» **Dataset excerpt**:
Content starts

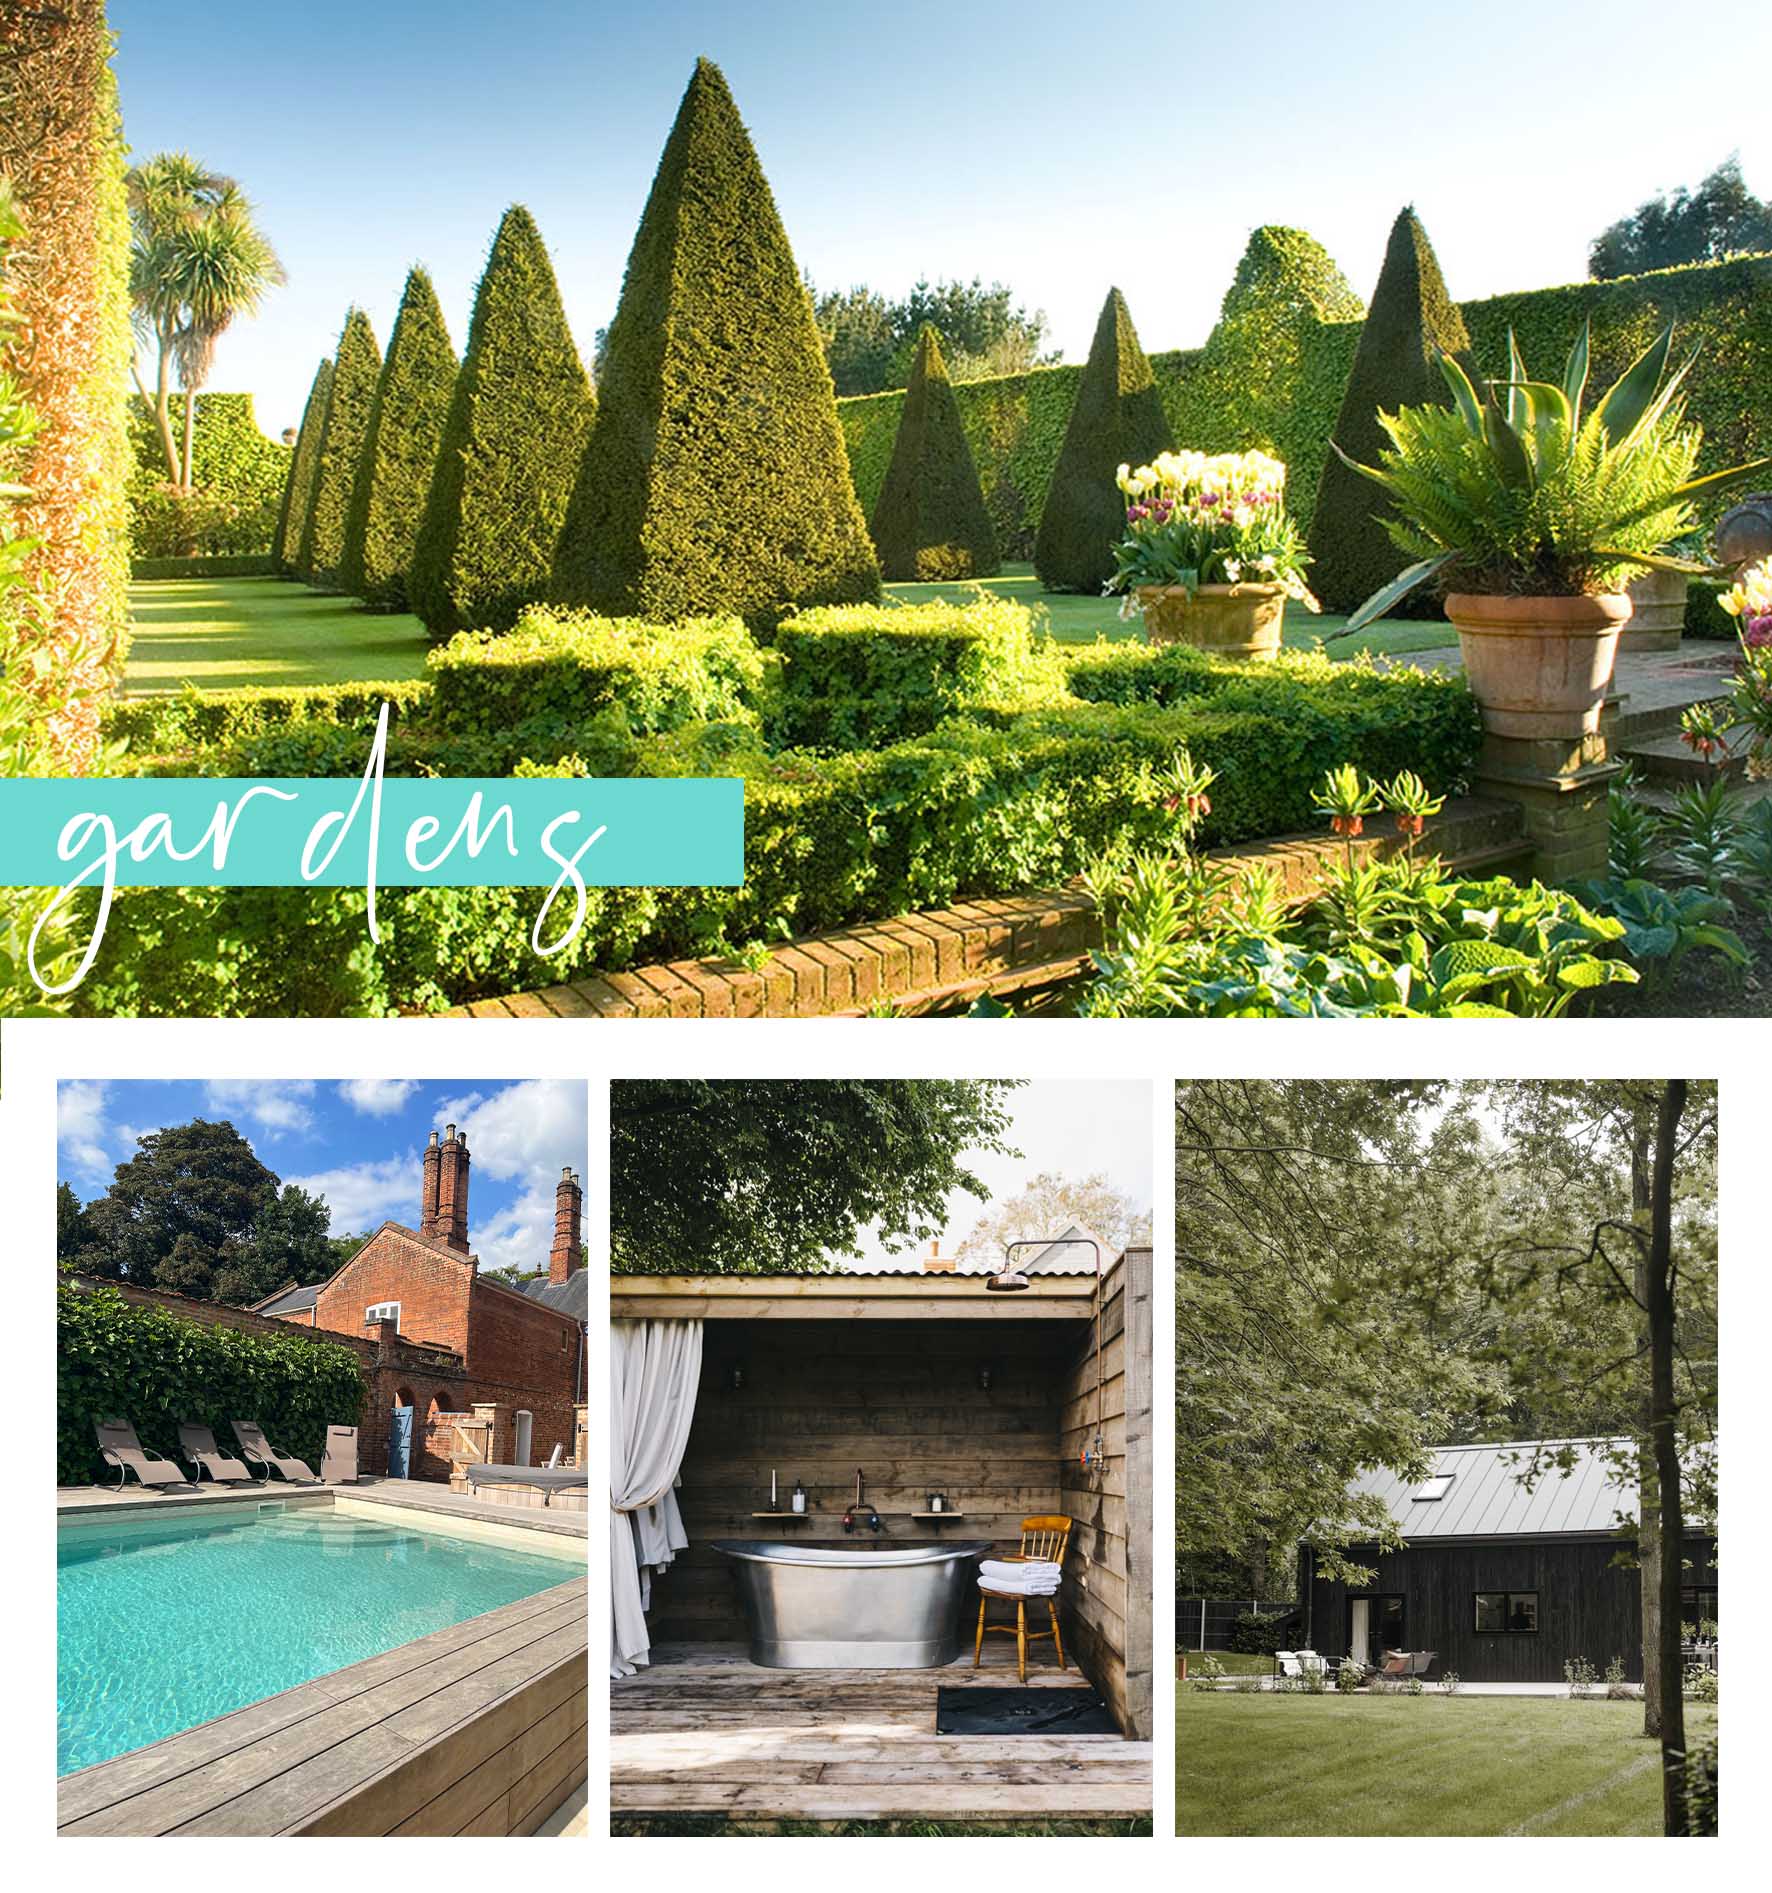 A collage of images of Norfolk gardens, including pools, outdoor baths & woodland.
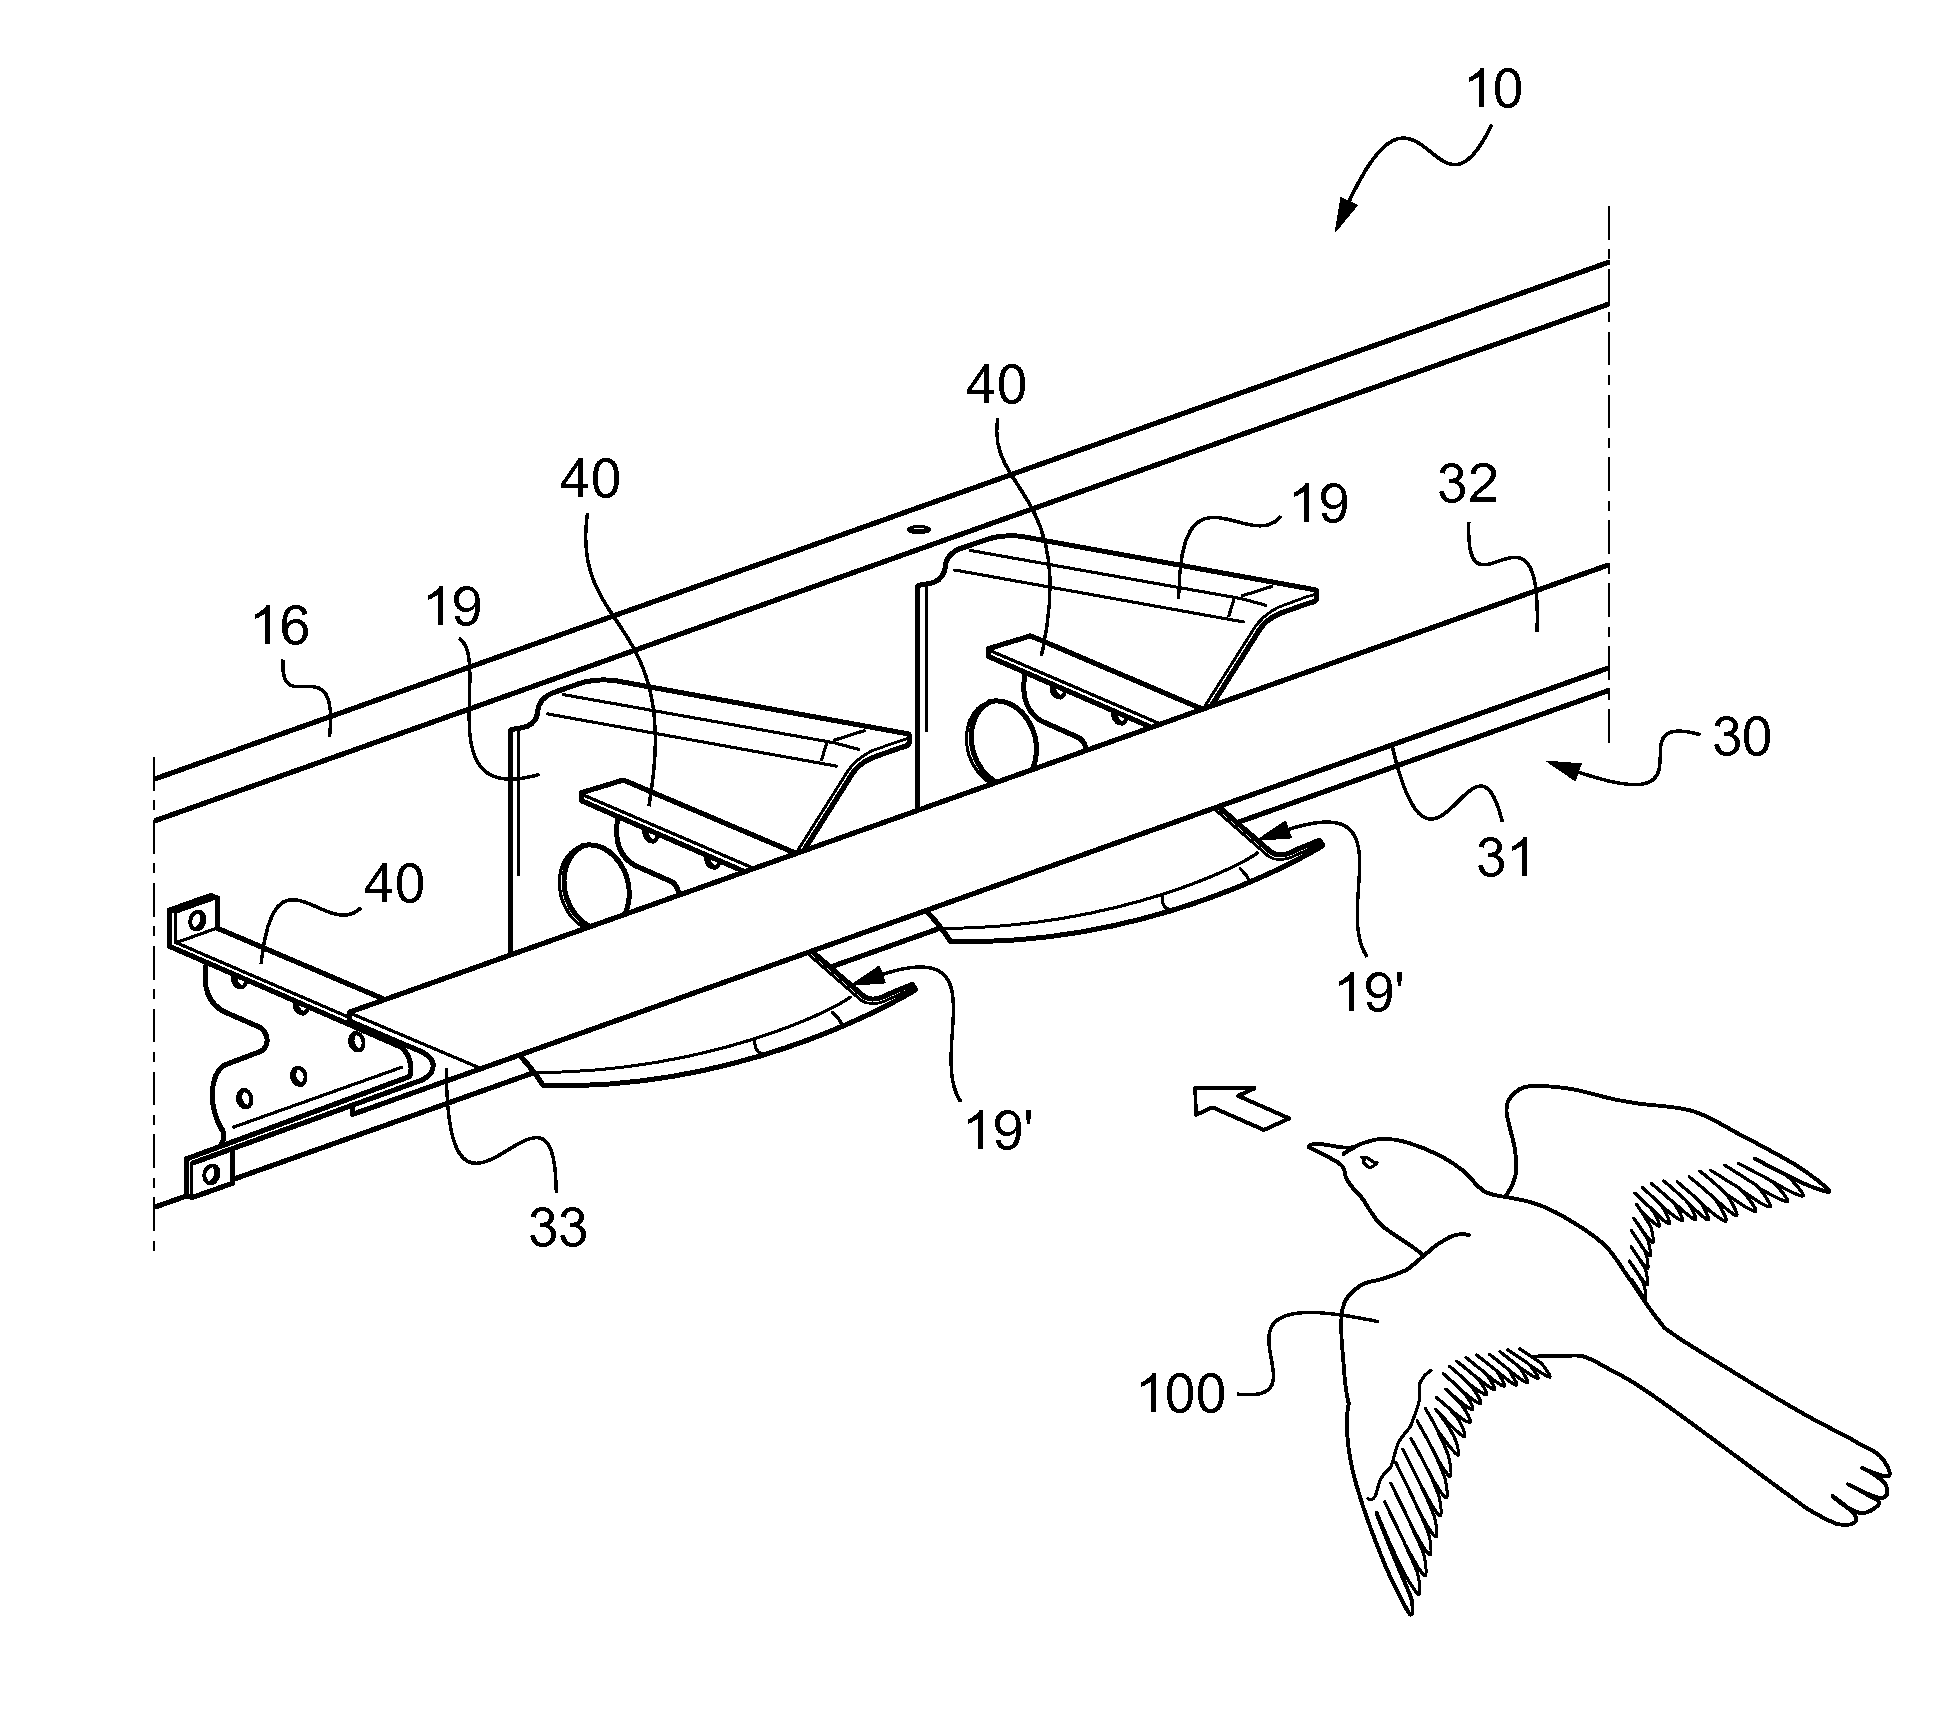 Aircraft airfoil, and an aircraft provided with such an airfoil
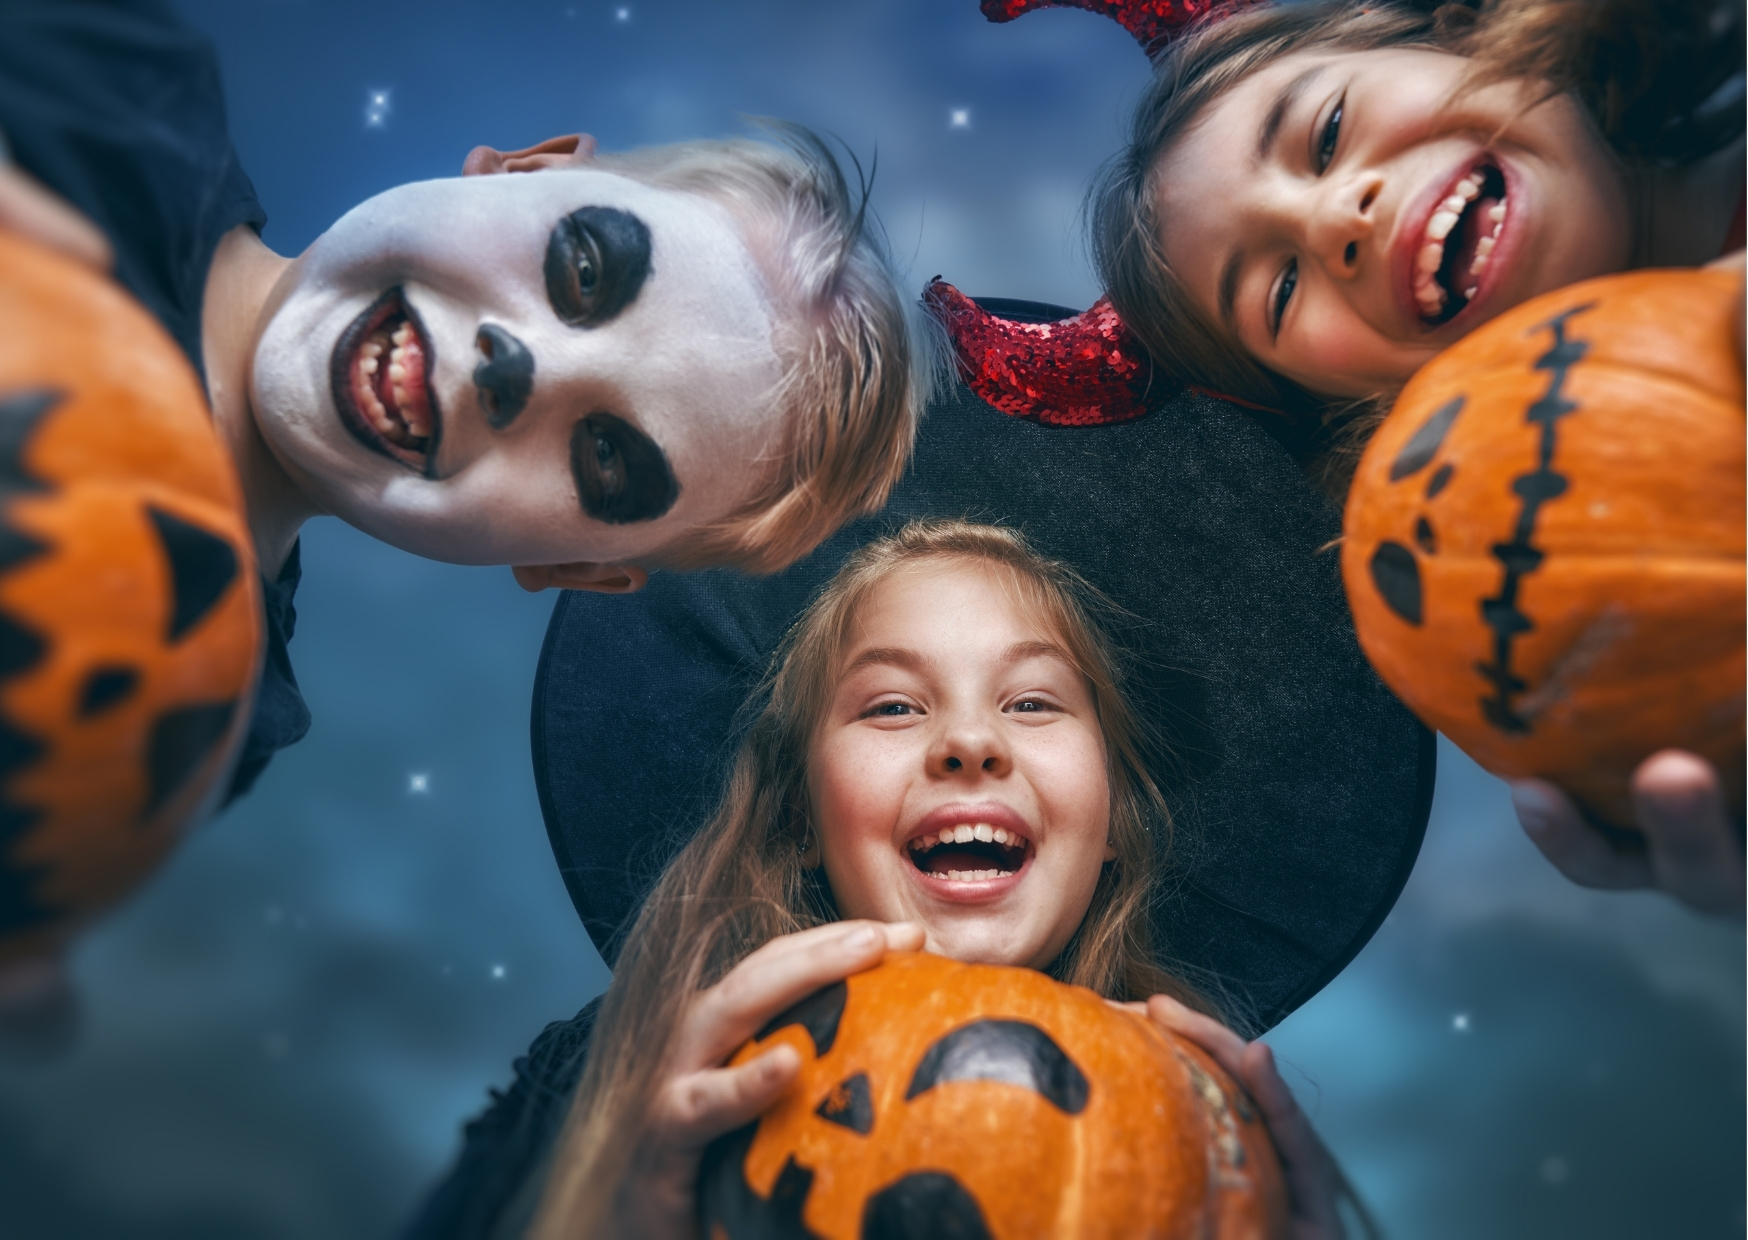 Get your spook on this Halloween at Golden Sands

Content ends

» **What needs to be done**: Could you write out verbatim only those lines that run from the line containing "Aircraft airfoil, and" through the end of the listing above, both included, without the pictures?

» **Task answer**:
 Aircraft airfoil, and an aircraft provided with such an airfoil
 Get your spook on this Halloween at Golden Sands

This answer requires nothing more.